Hans Zanotelli (23 August 1927 – 12 July 1993) was a German conductor.

== Life ==
Born in Cronenberg, now part of Wuppertal, Zanotelli learned to play the violin and piano as a child. He studied music at the Musikhochschule Köln from 1942 to 1944, conducting with Hans Swarowsky.

Zanotelli began his career as a répétiteur at the Remscheid-Solingen theatres. At the age of 24, he became Kapellmeister in Düsseldorf, after which he moved to the Oper Bonn and Hamburgische Staatsoper.

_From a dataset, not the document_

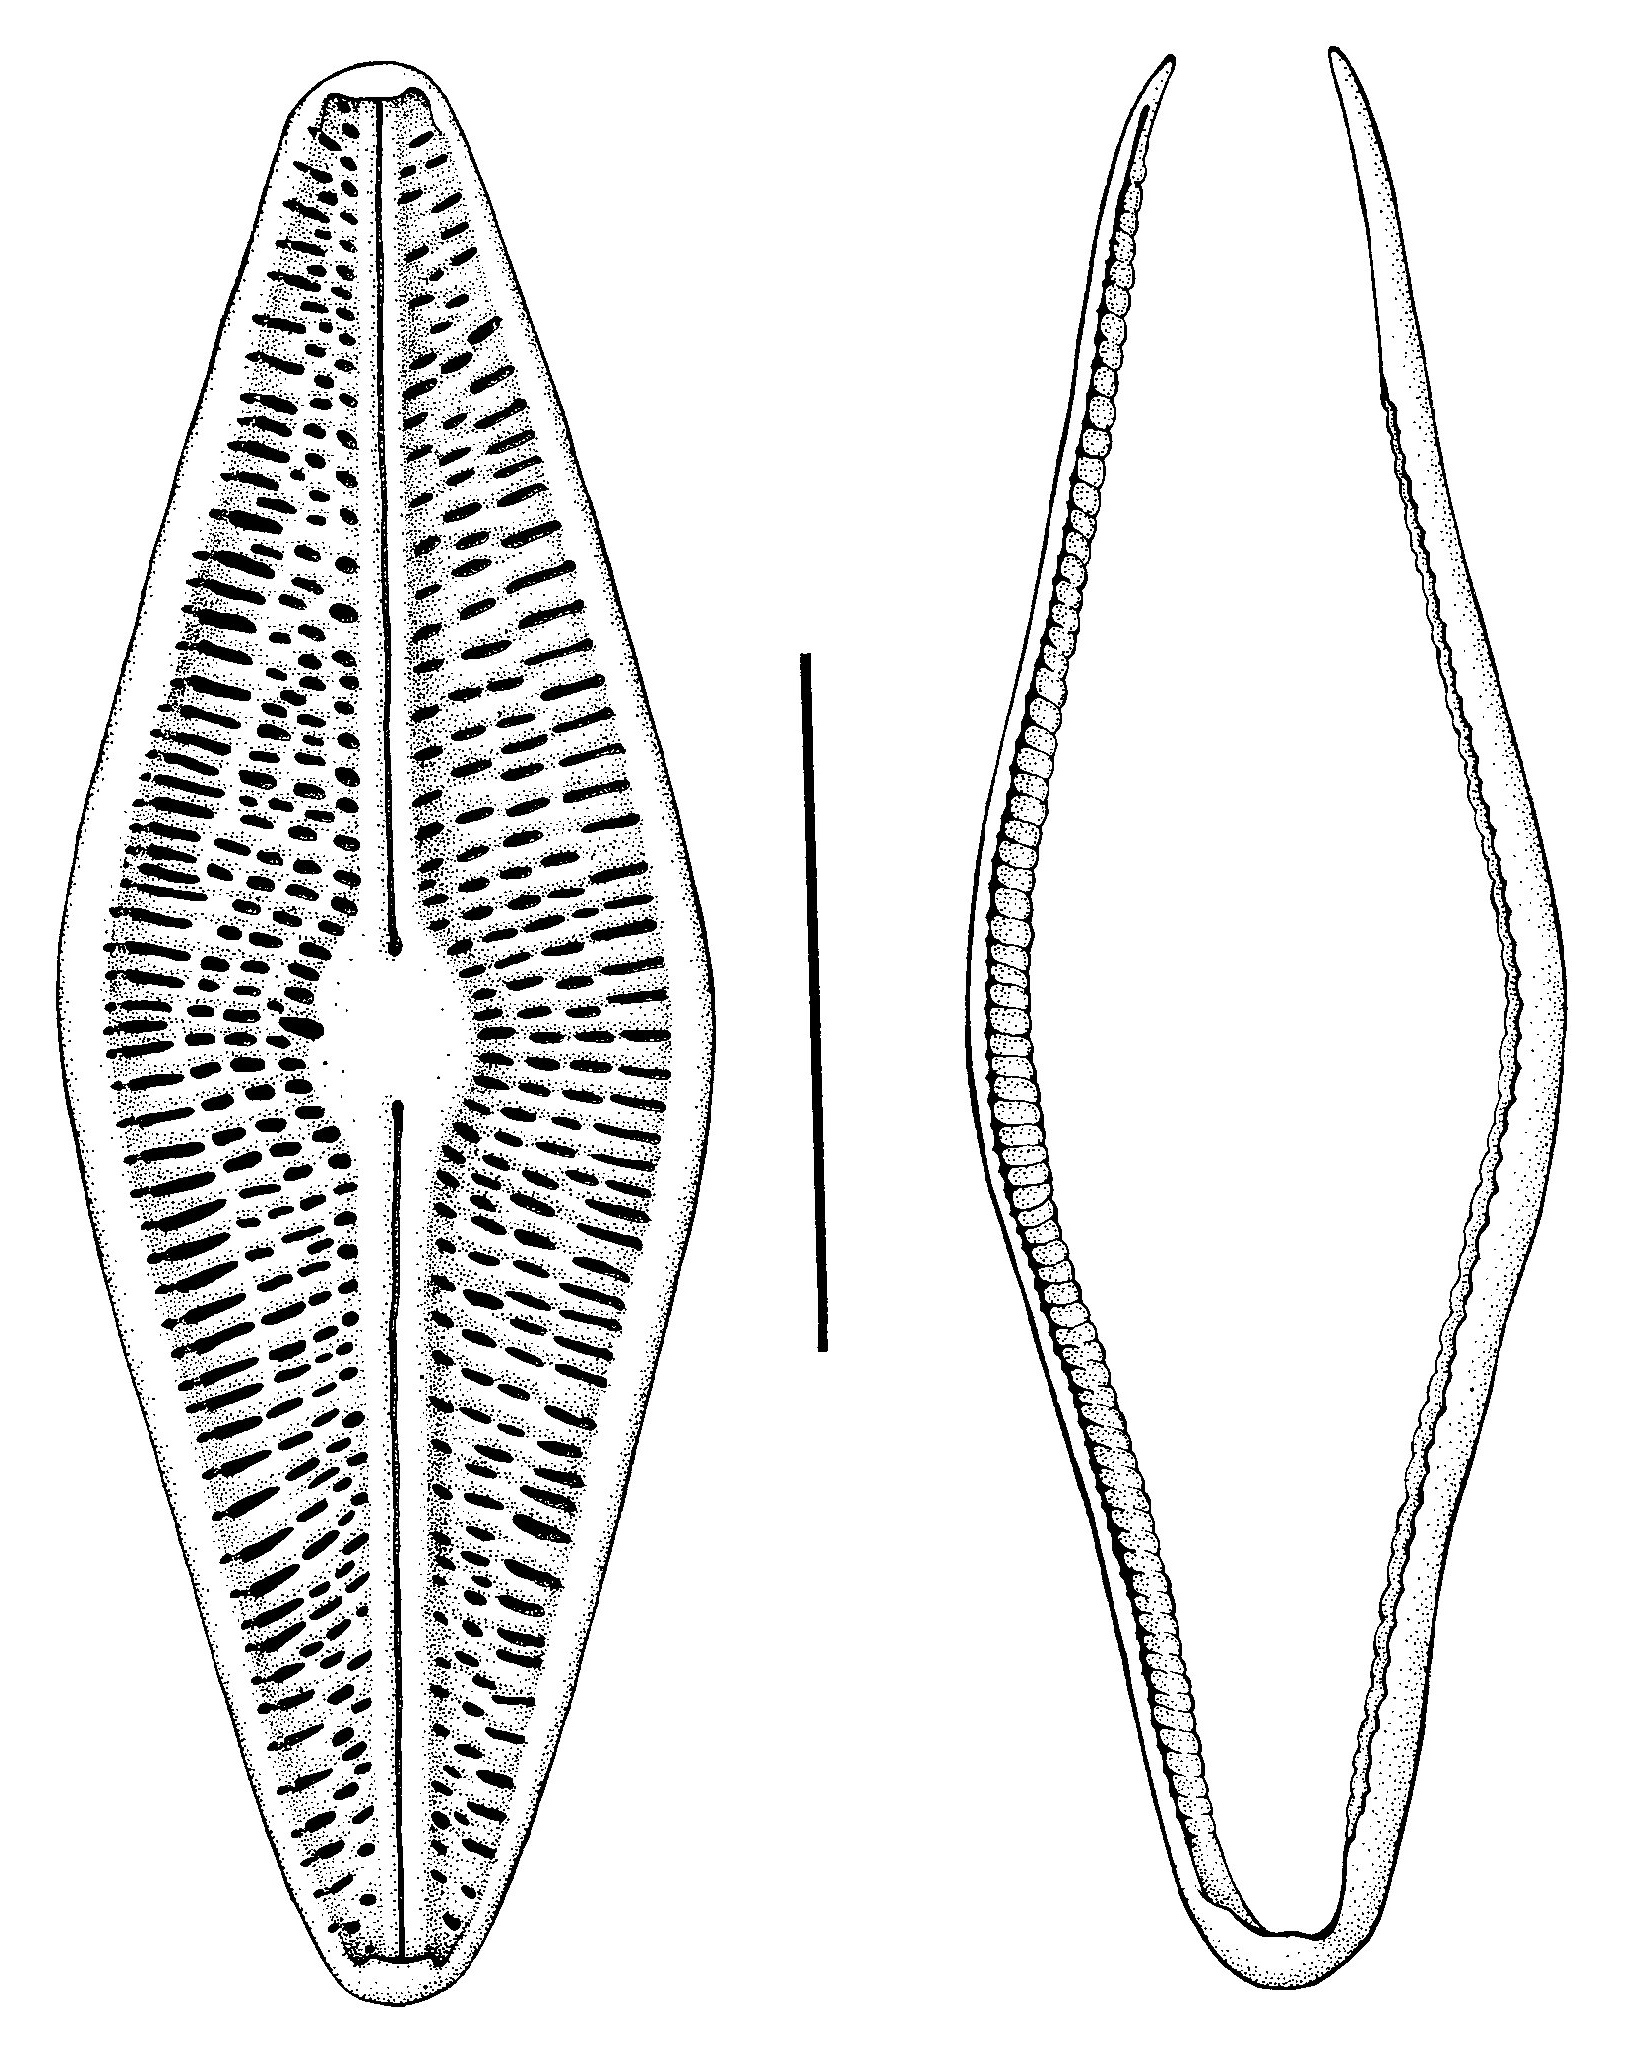 Brachysira arctoborealis orig illus 3
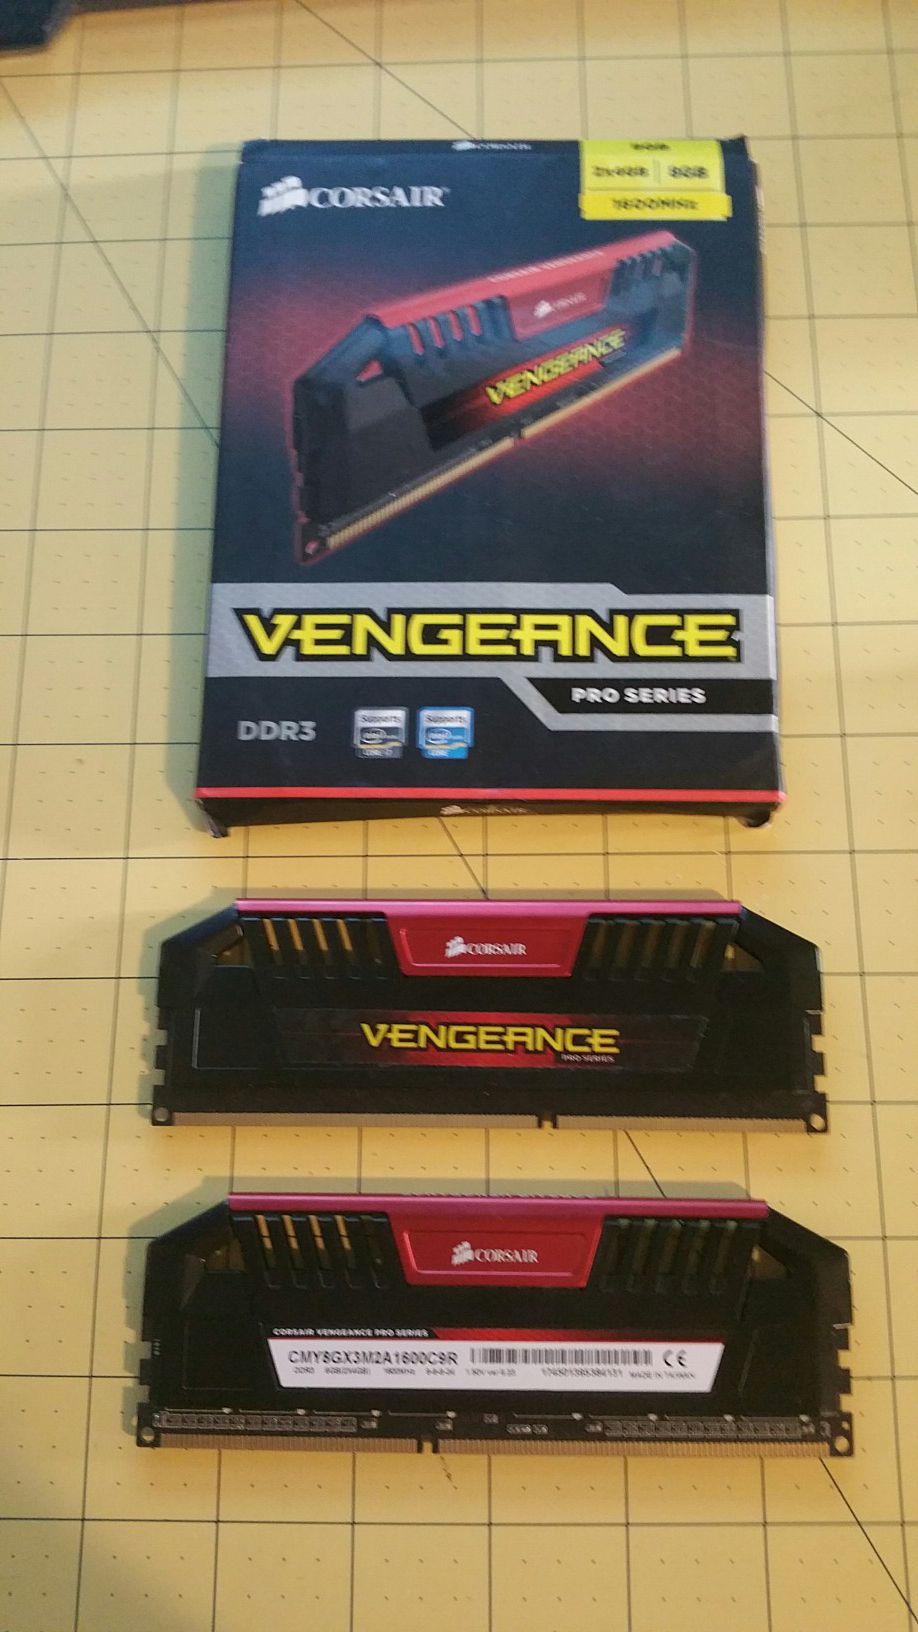 8gb CORSAIR VENGEANCE PRO DDR3 RAM

In 1957, he was appointed Generalmusikdirektor (GMD) at the Darmstadt, as the youngest GMD in Germany at that time. In 1963, he moved to Theater Augsburg as GMD and deputy artistic director. In 1971, Zanotelli became chief conductor of Stuttgarter Philharmoniker, promoted to GMD in 1975. He held the post until 1984. He also conducted at the Deutsche Oper Berlin and the Bavarian State Opera.

As a guest, Zanotelli also conducted concerts of the Niedersächsisches Symphonie-Orchester in 1966 and 1967 Hannover. In 1977, Zanotelli was appointed professor and in 1984 he received the Bundesverdienstkreuz. From 1985, he was GMD of Kiel, responsible for Opernhaus Kiel.

Zanotelli had to end his career in 1987 for health reasons. He died in 1993 in Stuttgart at the age of 65 and is buried in his native hometown.

== Recordings ==
Zanotelli conducted a recording of excerpts from Mozart's Don Giovanni, sung in German by a cast including Hermann Prey, Elisabeth Grümmer and Fritz Wunderlich. He conducted Beethoven's Piano Concerto No. 4 in G major (Sapphire, Intercord Klassische Diskothek INT 120.933) with pianist Ernst Gröschel and the Bamberger Symphoniker. Producer Alfred Scholz published countless sound recordings with an orchestra he called the "Süddeutsche Philharmonie", many of them with fictitious conductor names, but also those with the name of conductor Zanotelli. Some doubt whether the recordings of the Süddeutsche Philharmonie were actually conducted by Zanotelli.